CoinEx Review 2026: Fees, Safety & Is It Legit?

Most CoinEx review pages read like they were copy-pasted from CoinEx's own marketing deck. This one isn't. I've poked around this exchange for a while, set up an account, run trades, and dealt with the KYC gate, so here's an honest CoinEx review for anyone deciding whether to actually sign up in 2026.

Last updated: June 2026.

Short version up top, because you came here for a verdict, not a 2,000-word warm-up.

The quick verdict

Question Short answer
Is CoinEx legit? Yes. It's a real, established exchange that's been running since 2017.
Is it safe? Reasonably. Cold storage, 2FA, the usual. No exchange is "safe," though.
Available in the US? No. US residents are blocked.
KYC required? Yes for fiat and full features. Basic crypto-only use is limited.
Best for Altcoin traders who want a big coin list and don't need fiat rails.
Worst for US users, fiat-heavy beginners, anyone wanting deep regulatory cover.

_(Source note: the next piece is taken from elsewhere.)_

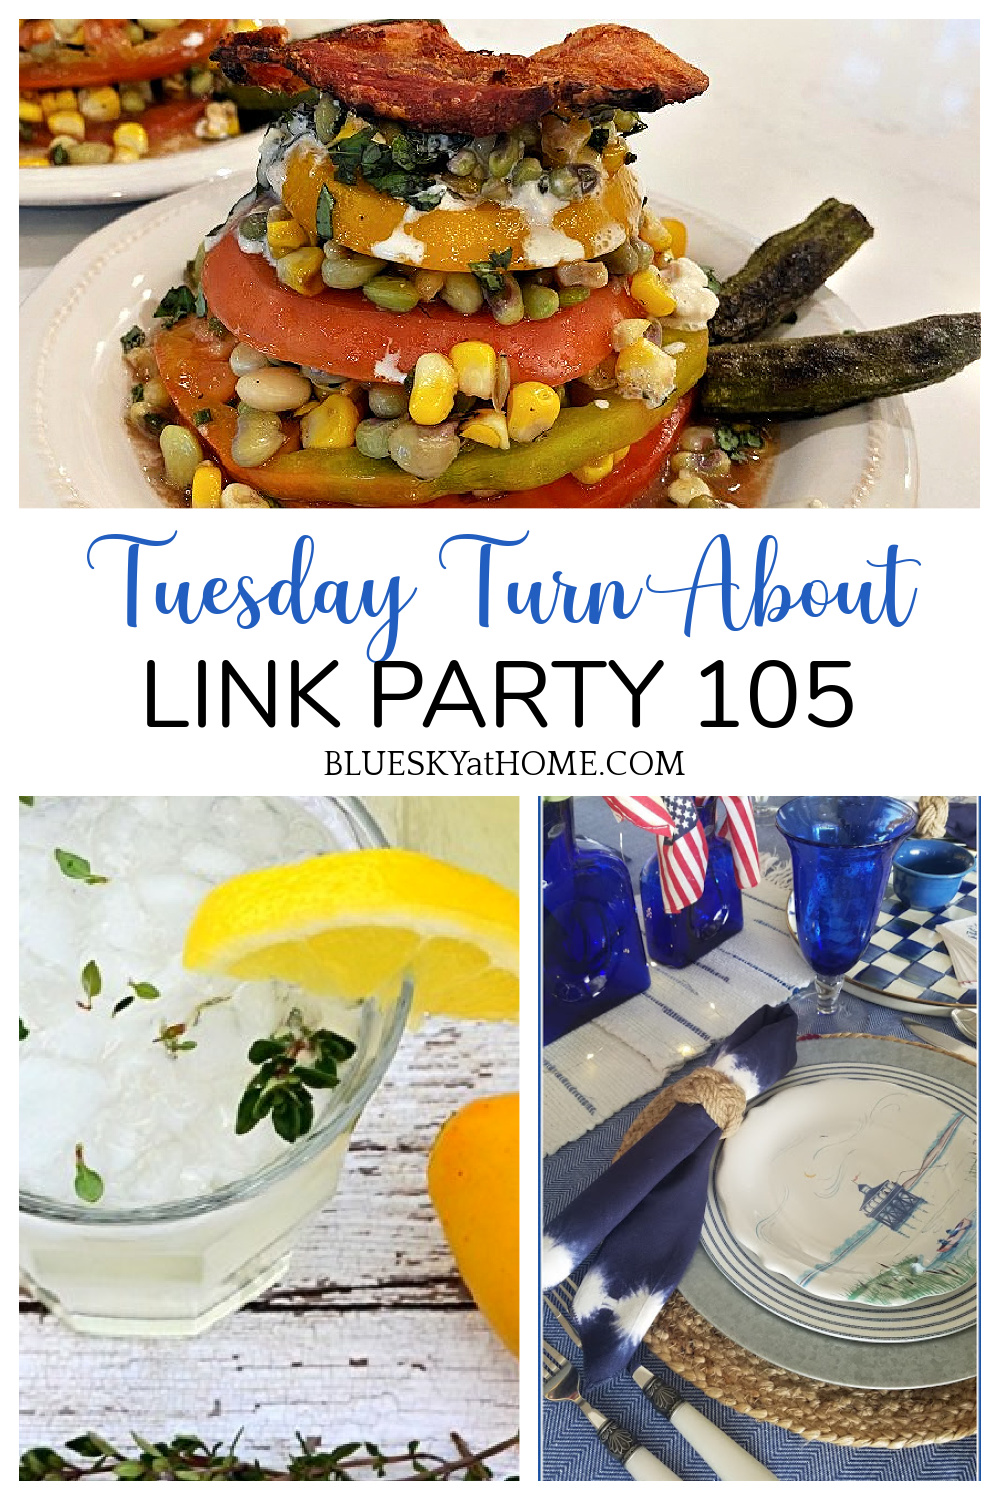 Tuesday Turn About Link Party 104

That's the whole thing in one box. The rest of this is me showing my work.

What is CoinEx, actually?

CoinEx is a global cryptocurrency exchange that launched in 2017. It does spot trading, futures, margin, and a few earn-style products. The thing it's genuinely known for is breadth: it lists a huge number of coins, including small altcoins that bigger exchanges won't touch until much later.

It was founded by Haipo Yang, who also founded ViaBTC, a Bitcoin mining pool. So the people behind it have been in crypto infrastructure for years. That doesn't make it bulletproof, but it's not some anonymous shell that appeared last quarter.

If you're brand new and still figuring out how to even get coins on-chain, start with the basics first. My guide on how to buy Bitcoin in 2026 walks through the on-ramp before you ever touch a trading-focused exchange like this one.

Is CoinEx legit?

Yes. CoinEx is a legitimate, operating exchange with a multi-year track record, a public founder, real trading volume, and a native token that trades on other venues too. It's not a scam, and it's not a fly-by-night clone.

"Legit" and "right for you" are different questions, though. CoinEx leans toward traders who care about coin selection and don't need a deeply regulated, fiat-heavy platform. If your mental model of a trustworthy exchange is "the one with a Super Bowl ad and a US banking license," CoinEx isn't going to scratch that itch.

One honest caveat: like most global exchanges, CoinEx has shifted which regions it serves over the years and what verification it demands. Always check the current terms for your country before you deposit a cent.

Is CoinEx safe?

Safe is relative in crypto. Every exchange is a custodian holding your keys, which means every exchange is a target. With that framing, here's what CoinEx does on the security side.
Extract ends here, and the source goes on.